Transfection of neurons and immunocytochemistry
Primary hippocampal neurons were prepared from embryonic day 18 rats as described previously29. Briefly, hippocampi were dissected with trypsin and plated on coverslip coated with poly-L-lysine in Neurobasal medium (Thermo Fisher Scientific) supplemented with B27 (Thermo Fisher Scientific). After 2–3 h of incubation, the plating medium was changed with a growth medium (plating medium and glutamate). Cultured hippocampal neurons were transfected by the calcium phosphate method at 5 or 7 days in vitro.
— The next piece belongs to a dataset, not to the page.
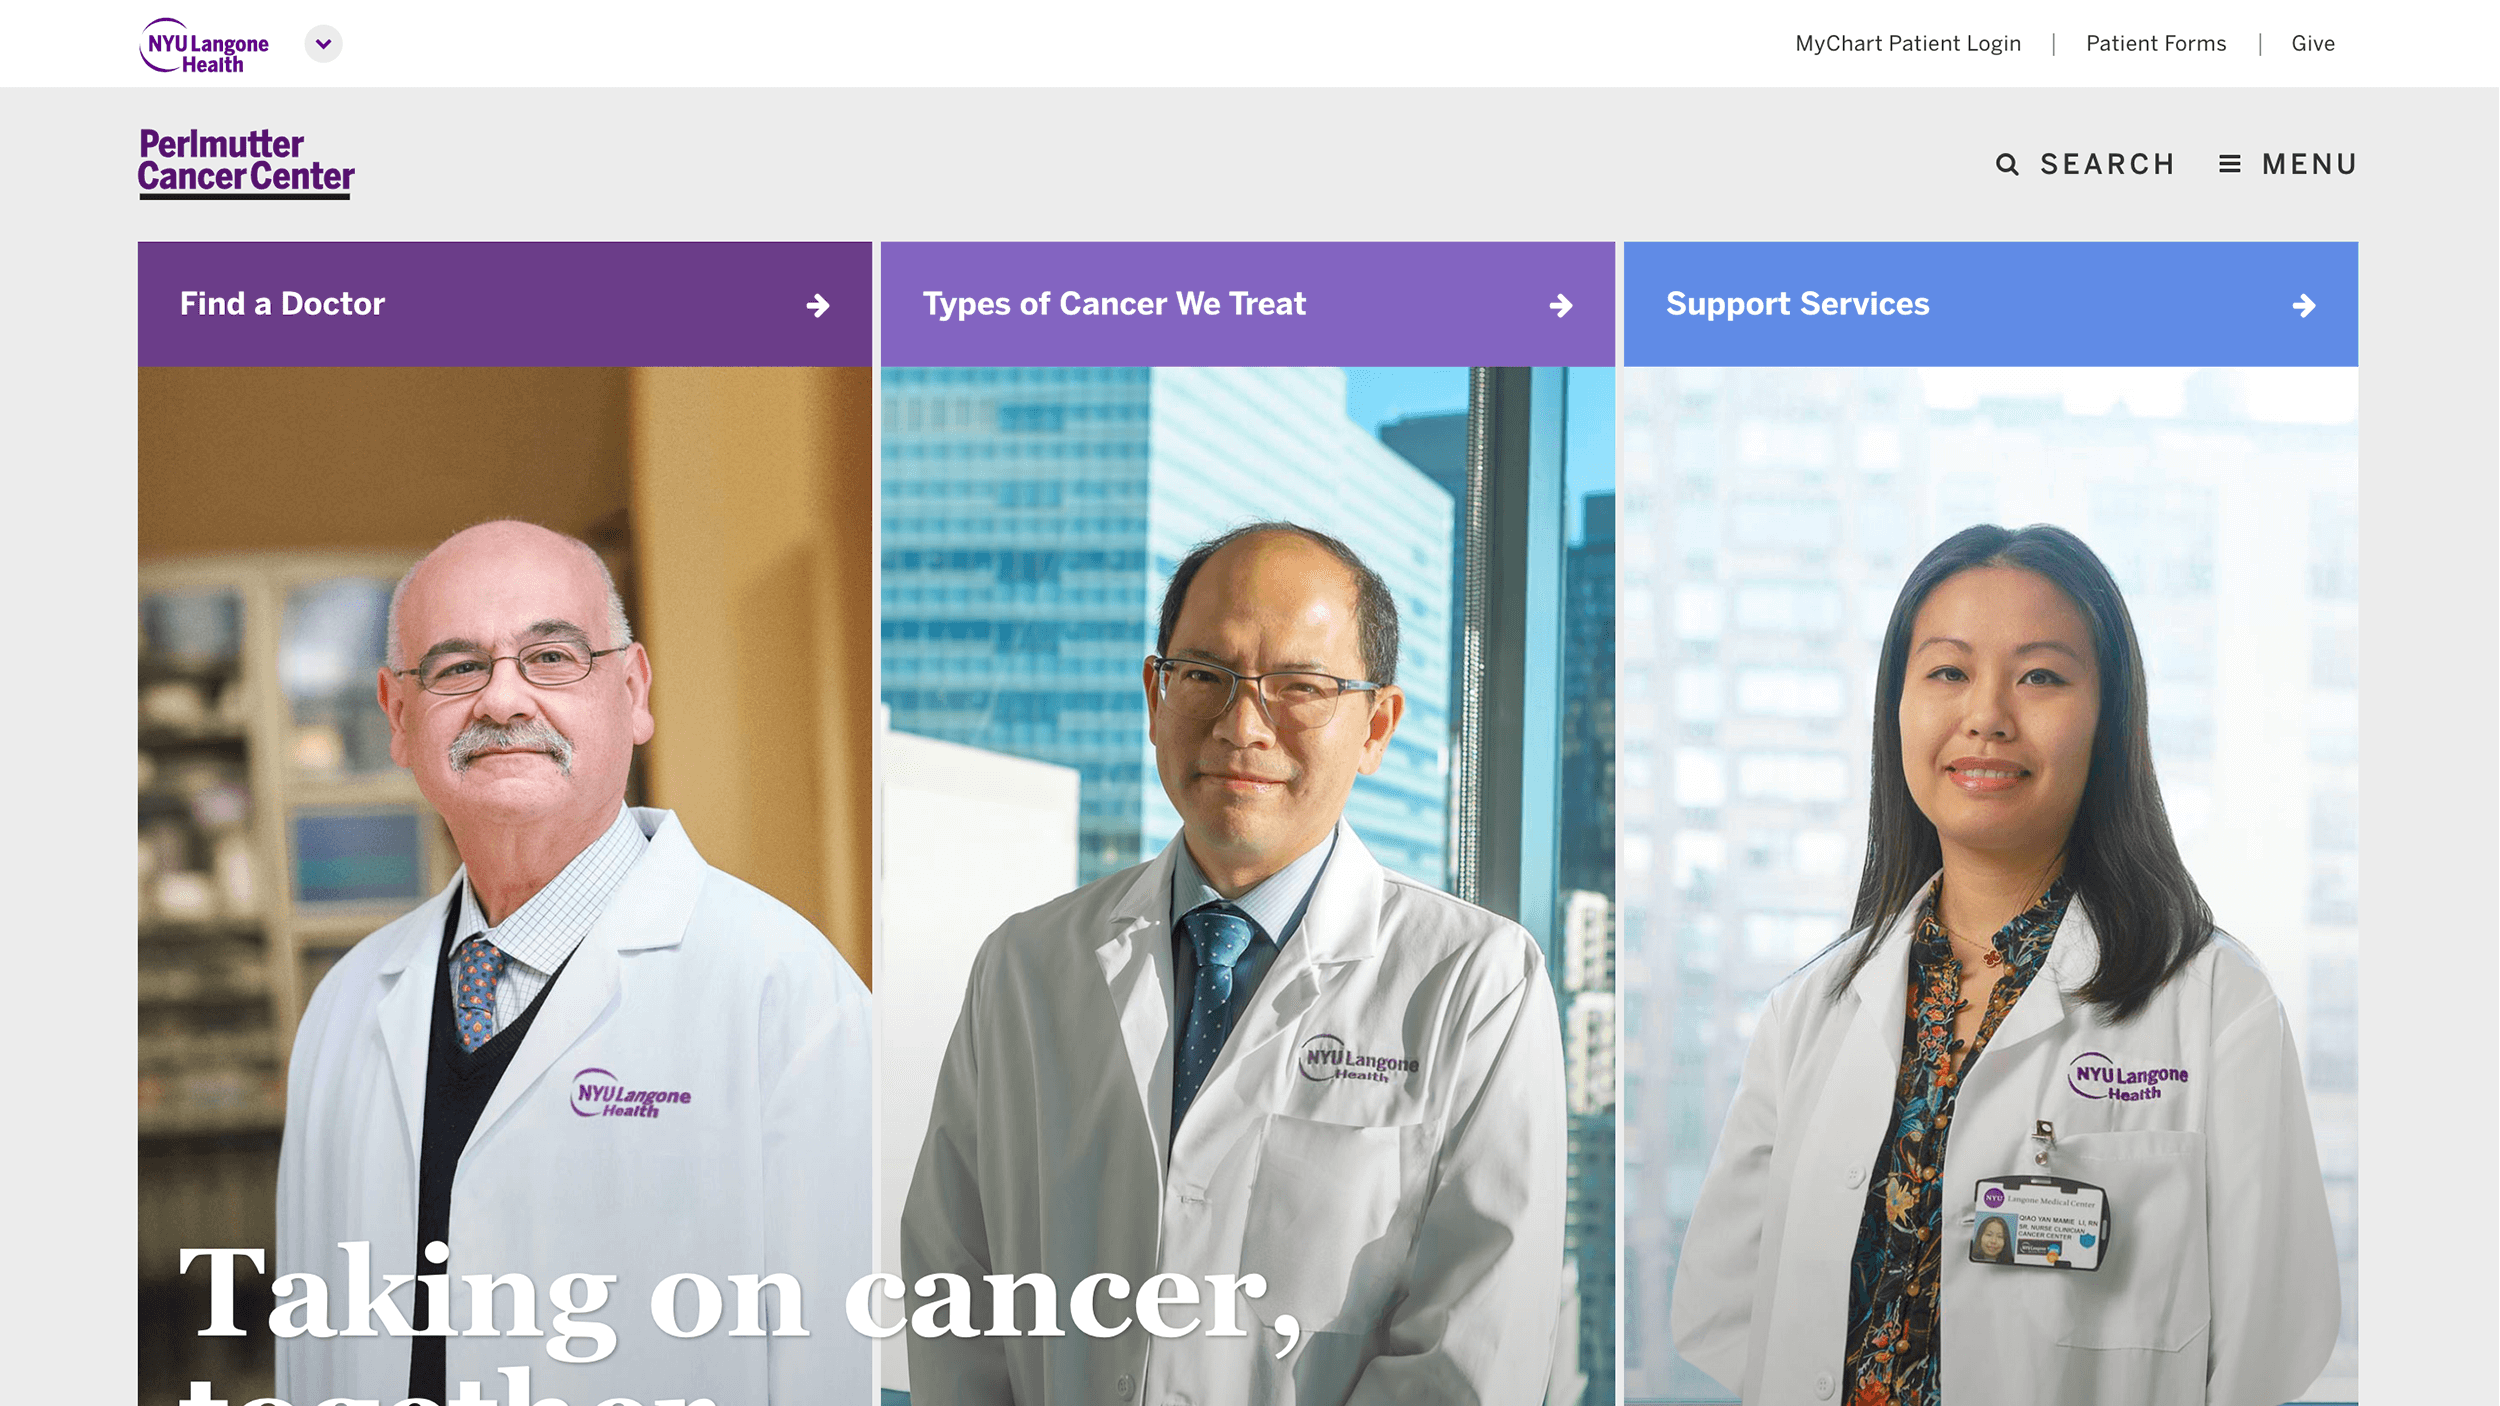 Perlmutter Cancer Center

For immunofluorescent staining, after 7–9 days of transfection, cultured hippocampal neurons were fixed in 4% (v/v) formaldehyde/ 4% (w/v) sucrose, and permeabilized with 0.2% (v/v) Triton X-100 in phosphate-buffered saline followed by incubation with primary antibodies and fluorophore-conjugated secondary antibodies.
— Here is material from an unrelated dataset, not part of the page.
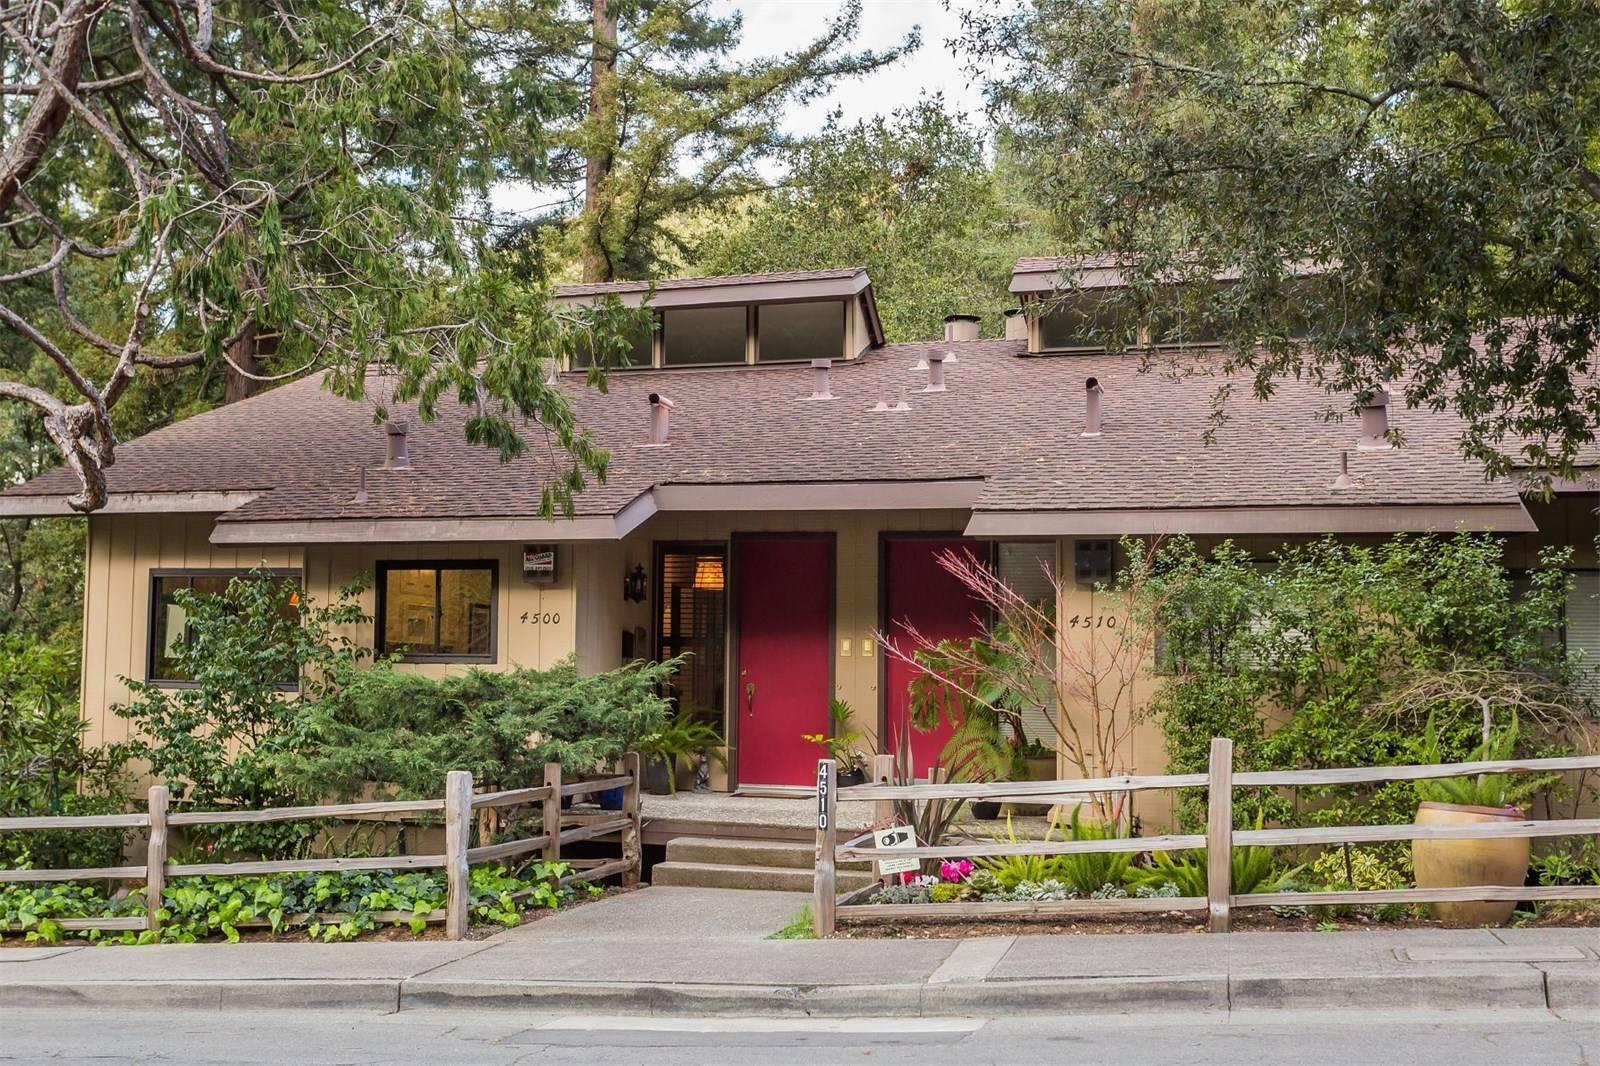 4500 Clarewood Drive, Oakland, CA 94618 Michael Thompson, Realtor

Image analysis and quantification
Images captured by confocal microscopy (LSM 810, Zeiss, Gottingen, Germany) were analyzed blindly using MetaMorph software (Version: 7.10.1.161, Molecular Devices, San Jose, CA, USA). Sholl analysis of dendritic arbors was performed employing the modified method of Nakayama et al.43. After images of individual neurons were printed, printouts were placed under a clear sheet featuring concentric circles with diameters increasing in 20 µm increments. The center of the circles was placed at the cell body center and the numbers of dendrites crossing each concentric circle were counted. Quantification of primary and secondary dendrites was also performed by imaging of individual neurons. The density of dendritic spine and synaptic protein clusters were measured from 27 to 32 dendrites of 7 ~ 9 neurons.
Statistical analysis
GraphPad Prism software (GraphPad Software, Inc., La Jolla, CA, USA) was used to perform all statistical analyses. Two-sample comparisons were conducted with Student’s t-tests, while multiple comparisons were performed with a one-way analysis of variance (ANOVA) followed by Tukey post hoc tests. All results are presented as the means ± s.d. or means ± s.e.m. Differences with a p value less than 0.05 were considered to be statistically significant.